Charting the Course: Outlook for offshore wind development in India

India’s offshore wind power segment has had a bit of a late start compared to other leading global renewable energy markets. Despite the government’s introduction of various policy interventions, including an offshore wind development trajectory, exemption of transmission charges, various draft bid documents and offshore wind leasing rules, deployment is yet to take off. The commercial viability of offshore wind projects, the absence of transmission capabilities and supply chain constraints are the key issues that continue to hamper offtake. However, the sector is undergoing a transformation, marked by growing interest from both domestic and foreign players in setting up offshore wind capacity in India. Against this backdrop, industry experts discuss the potential, key prerequisites and challenges for offshore wind uptake in the country…

What are the key growth drivers for offshore wind development in India?      

Ajay Jain

Ajay Jain, Managing Partner, Indusbridge Capital, (Senior Advisor, Corio Generation)

There are two growth drivers for offshore wind segment. First is decarbonisation, where a strategic decision has been made to phase out private thermal power. This shift has been evident over the last six to seven years, with no new private thermal projects and much of the existing capacity facing financial stress. Second is the need to reduce intermittency issues and increase the capacity utilisation factor (CUF) of power plants employing renewable sources. A solar plant in a favourable location may achieve a CUF of around 18-20 per cent, and with improved technology, this may increase to 22-25 per cent. Previously, wind technology provided a CUF of approximately 25 per cent, but with advancements in technology there is a potential to achieve a CUF of promised 35 per cent. It is important to note that this estimate is based on promising technology that has not been proven through installations yet, and is critically dependent on correct wind resource analysis of selected sites.
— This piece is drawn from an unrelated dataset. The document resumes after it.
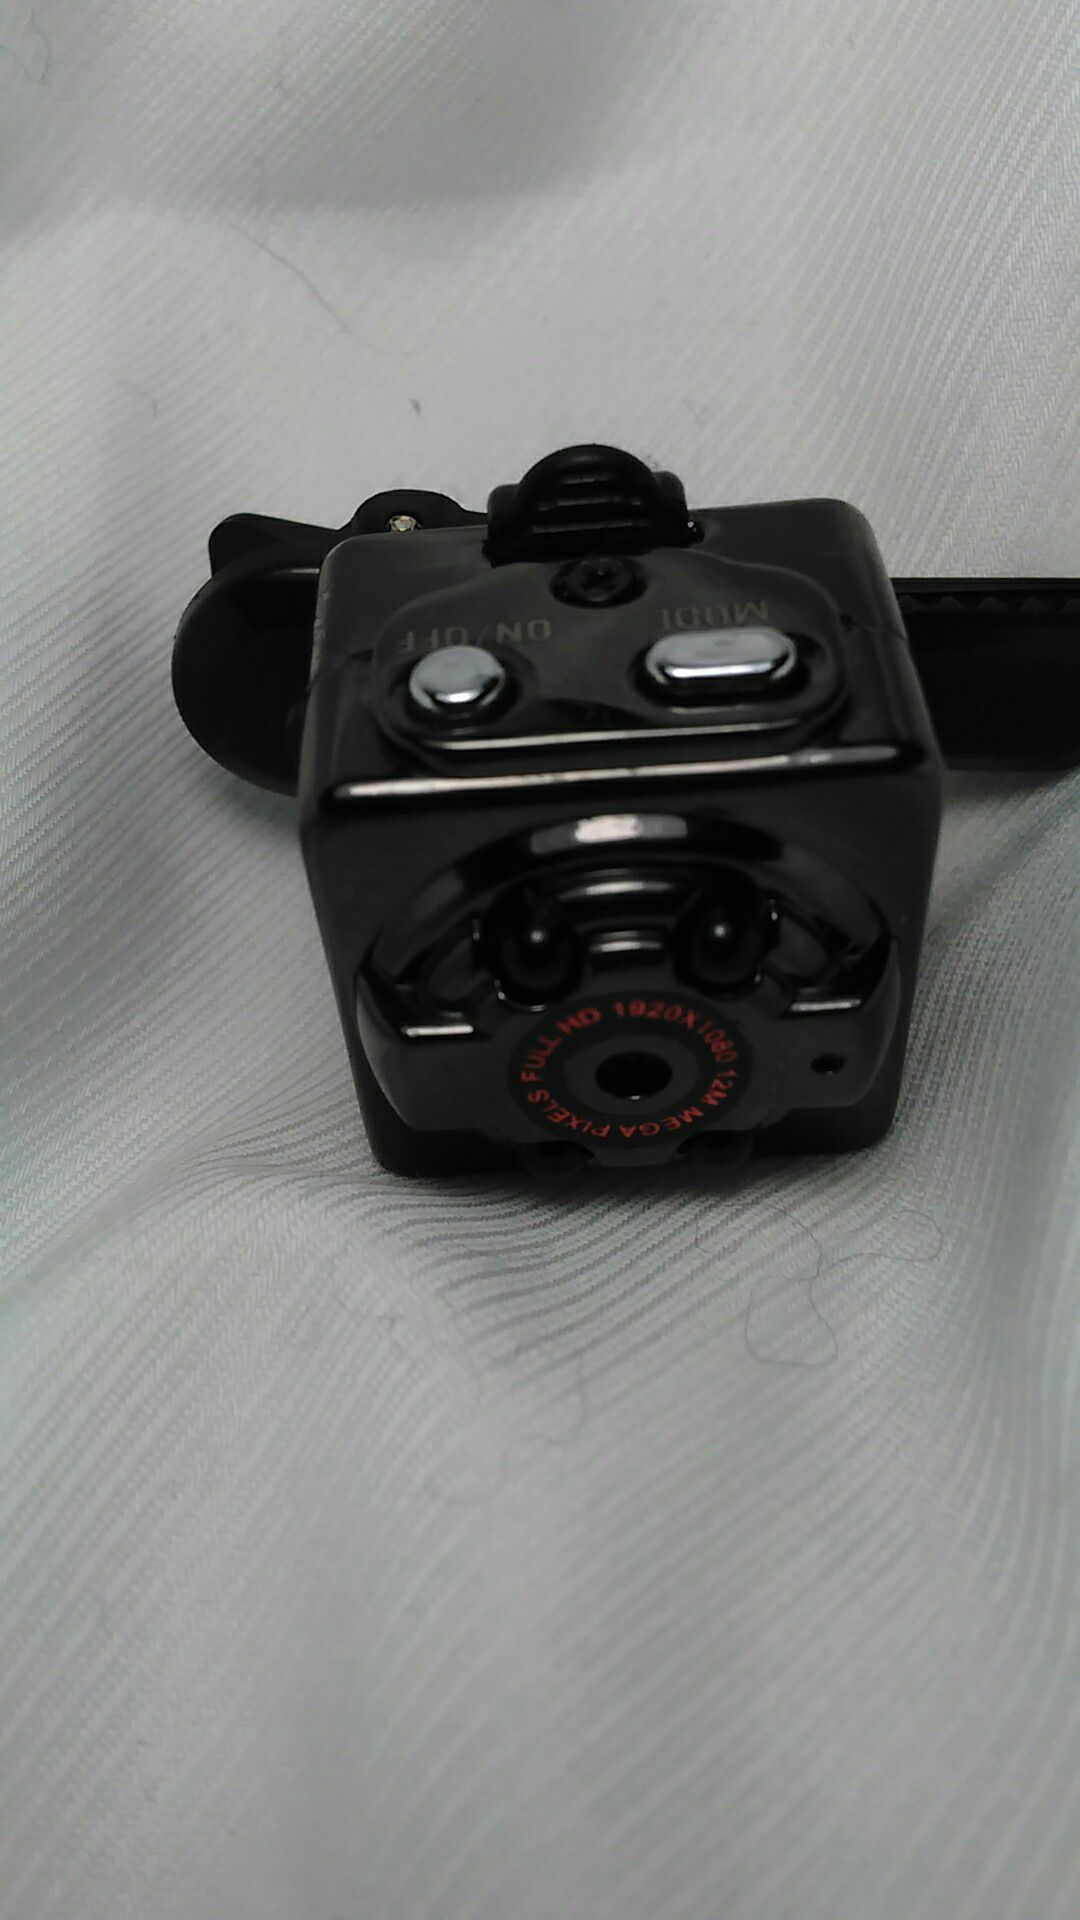 Mini spy camera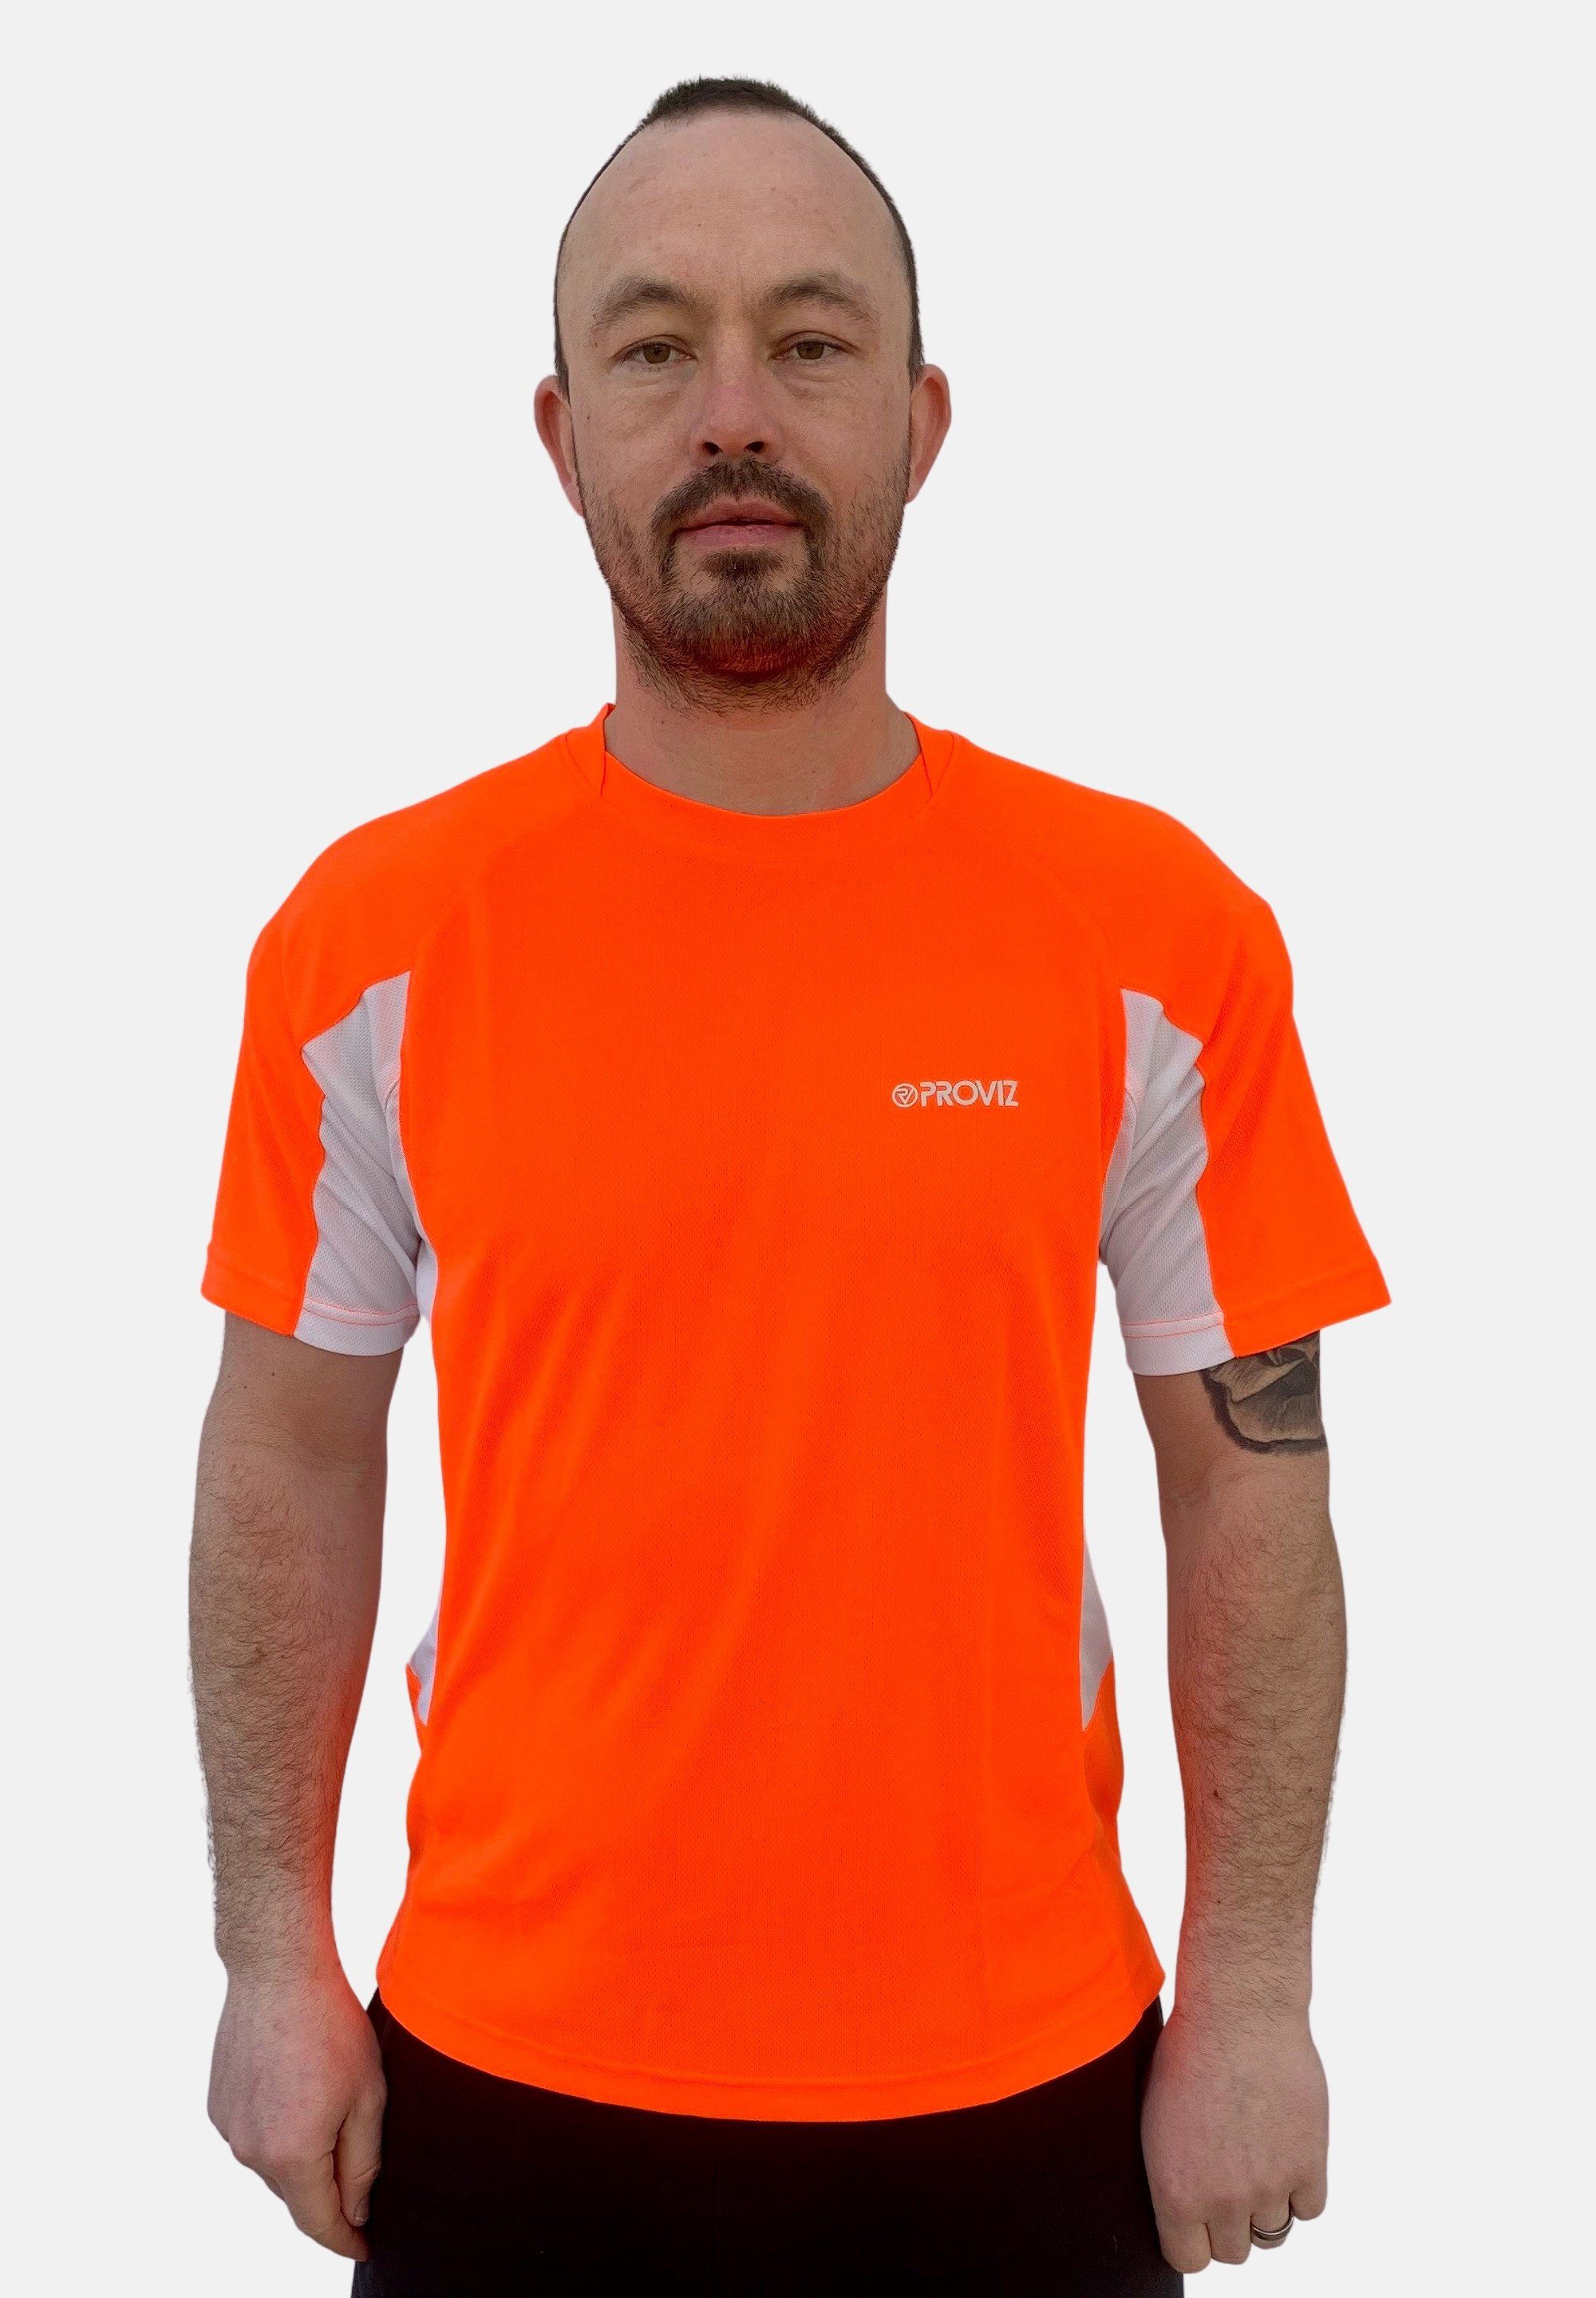 Ultraleicht, orange Klassisch Laufshirt reflektierend feuchtigkeitsabsorbierend, ProViz

In terms of growth drivers for the sector in India, the emphasis should be on the replacement of fossil fuels and the provision of another alternative in the form of green electrons. Offshore wind needs to complement onshore renewables, possibly integrated with energy storage solutions such as batteries, to offer a complete alternative that ensures true round-the-clock (RTC) power availability. True RTC means a reliable power supply, not just availability for 40 to 50 per cent of the time. This approach becomes particularly crucial for hard-to-abate industries, such as steel and cement, which currently account for approximately 70 GW of electricity consumption in the country.

Martand Shardul

Martand Shardul, Policy Director, Global Wind Energy Council, India

If all of India’s CO2 emissions were contained in 2022, the world would have shed 2,830 million tonnes of CO2 emissions. However, the Indian government continued to undertake an aggressive approach towards the mitigation of anthropogenic climate change. In this context, one of the most prominent steps is the decarbonisation of the country’s power sector. The central government has planned to harness offshore wind power in Tamil Nadu and Gujarat. The National Institute of Wind Energy (NIWE) has estimated a technical potential of over 70 GW across these states. It is anticipated that the harnessing of offshore wind will enhance the availability of RTC power, one of the advantages of offshore wind power generation.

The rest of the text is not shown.